Un’autentica ovazione ha caratterizzato la 74esima edizione del Golden Globe, il prestigioso premio assegnato al cinema hollywoodiano dalla stampa estera di stanza negli Stati Uniti e ritenuto, a giusta ragione, una sorta di anticamera degli Oscar, massimo trofeo dell’Award Season che viene annualmente inaugurata proprio dalla consegna dei Globe.
Stando, quindi, alle indicazioni dell’edizione 2017, il musical d’amore e sogni di gioventù “La La Land”, diretto dal talentuoso Damien Chazelle, film d’apertura al Festival di Venezia e già lodato in ogni parte del globo, non dovrebbe avere rivali durante la scintillante “notte delle stelle”, come non li ha avuti nel corso della variopinta cerimonia, con tanto di cena di gala, tenutasi al Beverly Hilton di Los Angeles.
Sette premi su sette nomination, cosa mai accaduta finora: film brillante, attore e attrice di commedia o musical, rispettivamente Ryan Gosling ed Emma Stone, regia, sceneggiatura, colonna sonora e canzone originale. Un autentico trionfo, che è stato salutato in sala con entusiasmo e anche un simpatico bacio provocatorio tra Andrew Garfield e Ryan Reynolds, sconfitti nelle proprie categorie da Gosling.
A quest’ultimo va, indubbiamente, il riconoscimento per il discorso dal pulpito di maggiore impatto emotivo. Oltre ad aver ringraziato la moglie Eva Mendes, madre delle due figlie, per avergli permesso di preparare con cura un ruolo tanto impegnativo, dandosi anima e corpo alla famiglia che cresceva, ha dedicato la schiacciante vittoria alla memoria del fratello della Mendes, scomparso per un cancro fulminante e curato proprio nei giorni della lavorazione dall’attrice stessa. Insomma un tripudio per la Mendes, che, pur non essendo presente in sala, ha guadagnato, agli occhi del mondo, molto più di un alloro cinematografico. Agli altri contendenti sono, perciò, rimaste le briciole.

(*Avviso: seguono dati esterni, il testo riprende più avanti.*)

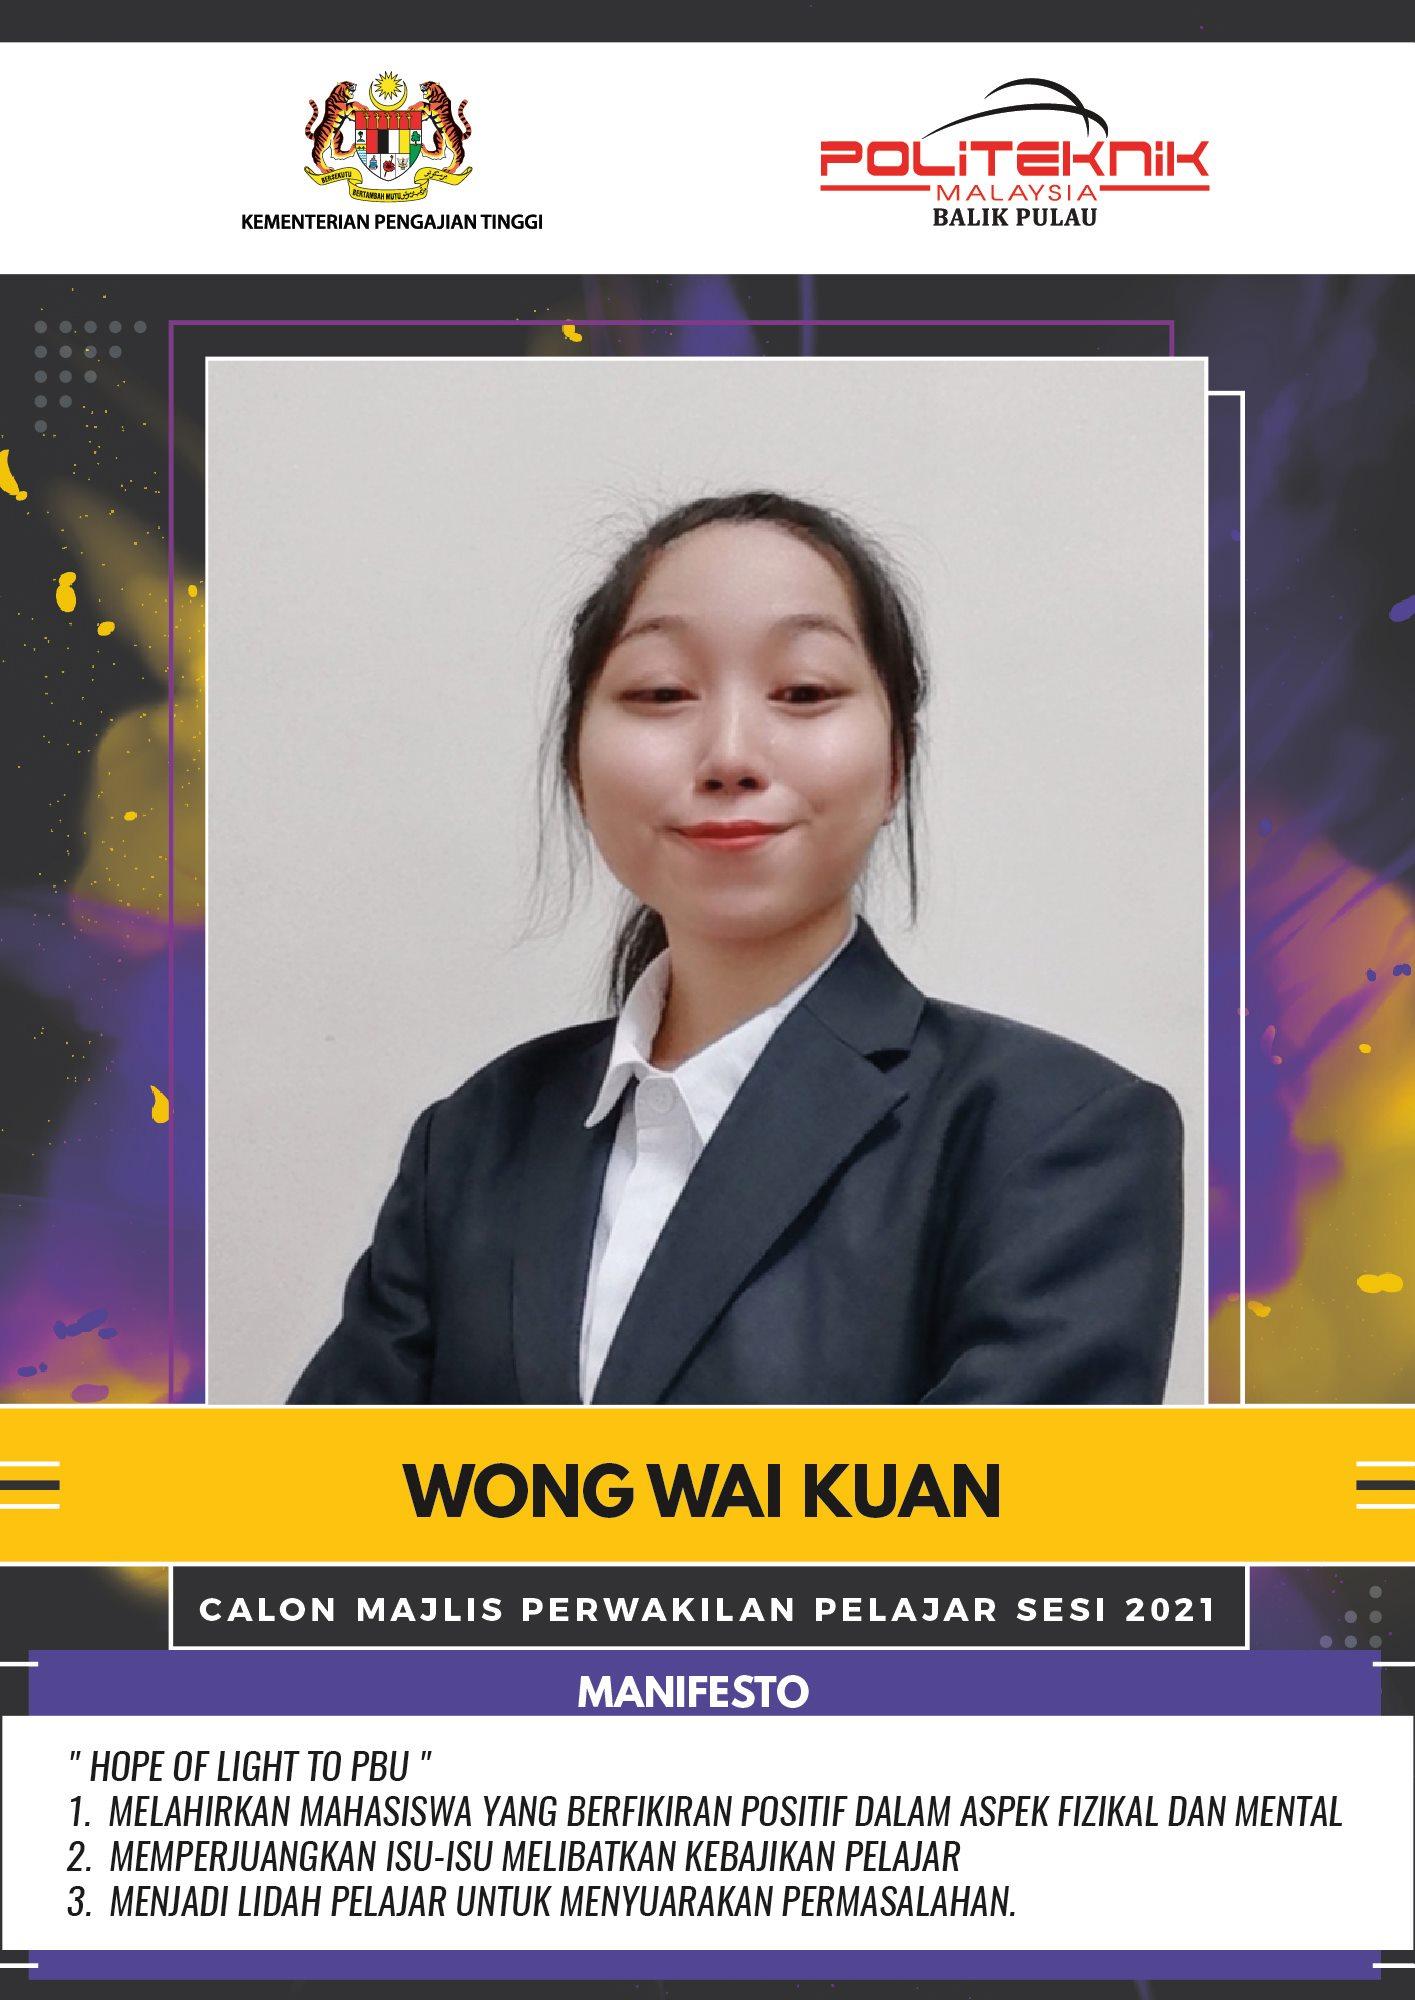 wong wai

L’intimista “Moonlight” di Barry Jenkins ha prevalso tra i titoli drammatici, mentre Casey Affleck, tra gli attori protagonisti appartenenti alla medesima categoria per “Manchester by the Sea” di Kenneth Lonegran. Unica grande sorpresa della serata, il trionfo tra le protagoniste di una pellicola drammatica della diva francese Isabelle Huppert per l’osannato “Elle” dell’olandese Paul Verhoeven, ritornato a produrre in Europa dopo la lunga parentesi americana e insignito anche del Globe per il film straniero.
La categoria dei non protagonisti ha, in un certo senso, risarcito gli interpreti di colore, tanto polemicamente bistrattati nell’edizione 2016 di tutti i riconoscimenti principali, premiando l’intensa Viola Davis di “Barriere” di Denzel Washington, laddove tra gli uomini ha prevalso Aaron Taylor–Johnson per “Animali notturni” di Tom Ford.

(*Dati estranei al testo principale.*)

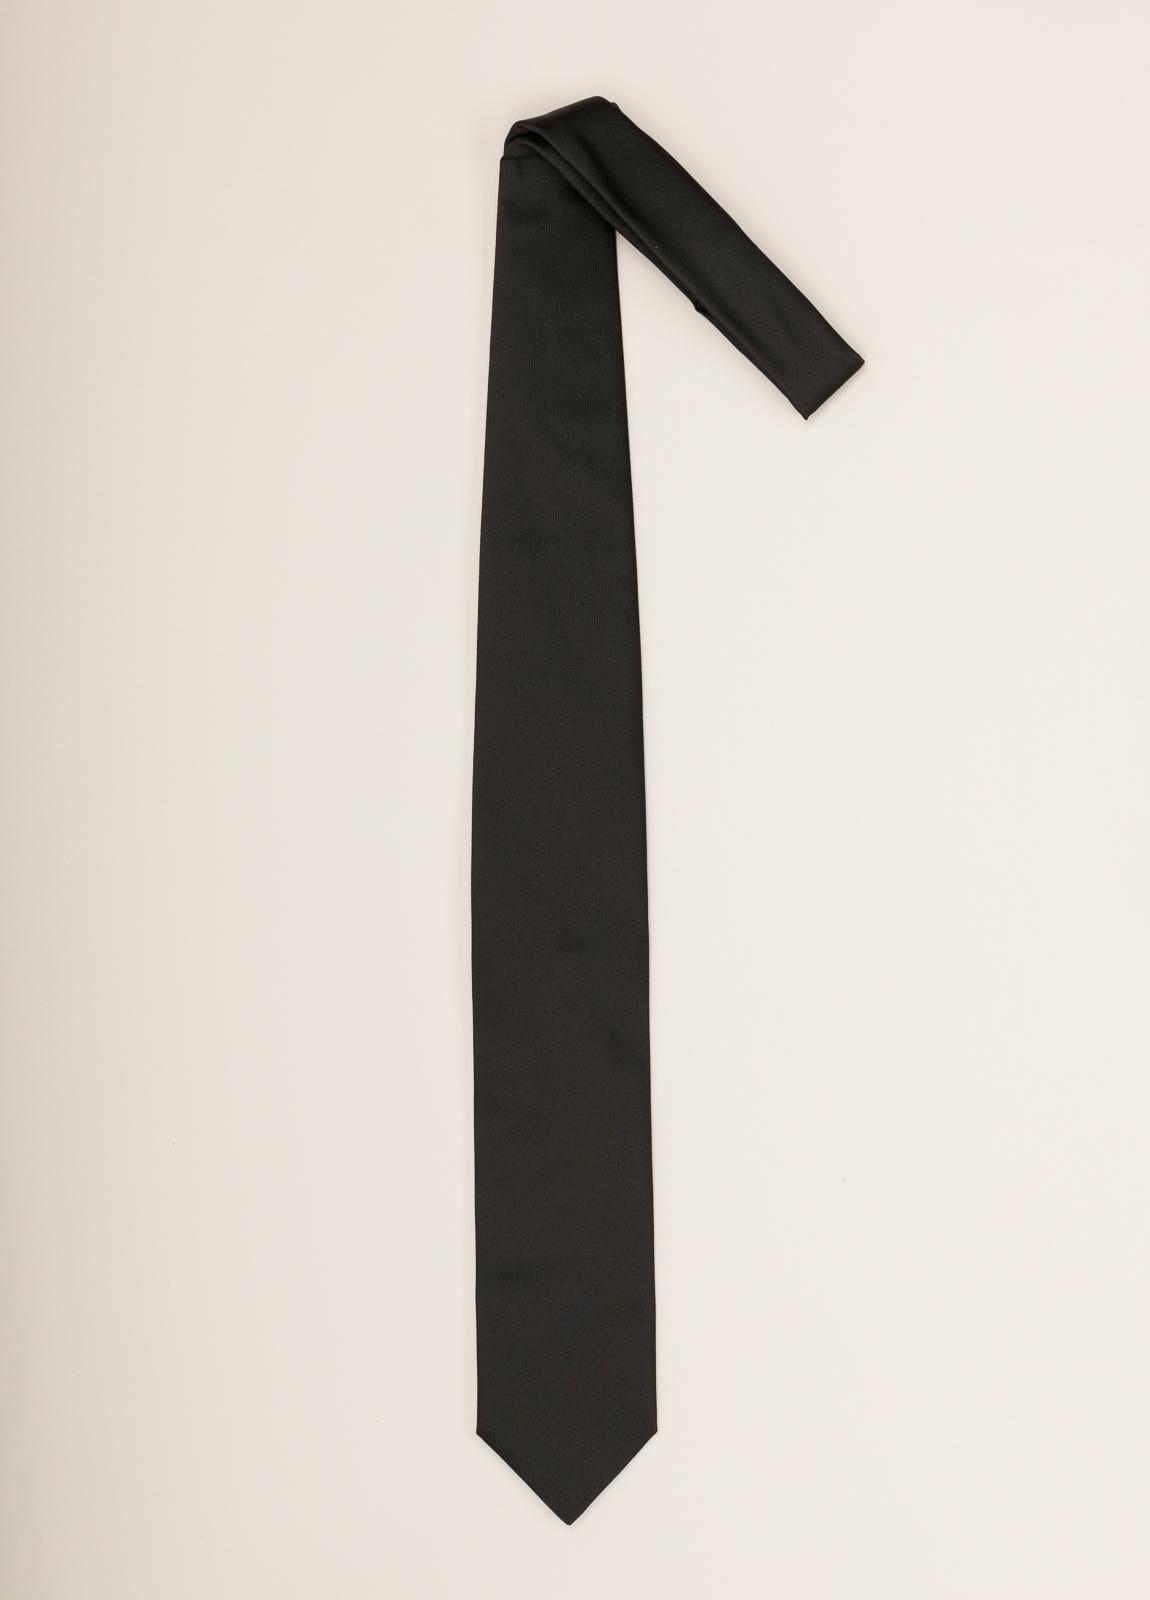 Corbata FUREST COLECCIÓN negro - Ítem1

Ma l’edizione 2017, oltre che per la vittoria record di “La La Land”, sarà, indubbiamente, ricordata per la polemica a distanza tra l’iconica Meryl Streep, giunta alla trentesima candidatura e insignita del premio alla carriera, e il neopresidente Donald Trump. La prima ha tuonato contro di lui, senza mai nominarlo direttamente, ricordando l’imbarazzante episodio della sua presa in giro di un giornalista disabile, allertando, soprattutto, la stampa a non abbassare mai la guardia di fronte a un reale pericolo di evidenti limitazioni alla libertà d’espressione. Il secondo non ha, però, preso tempo a rispondere alla sua maniera diretta, e poco elegante, definendo la Streep “attrice sopravvalutata e lacché di Hillary Clinton”. Come fare a non dargli torto per l’ennesima volta? Ai posteri l’ardua sentenza.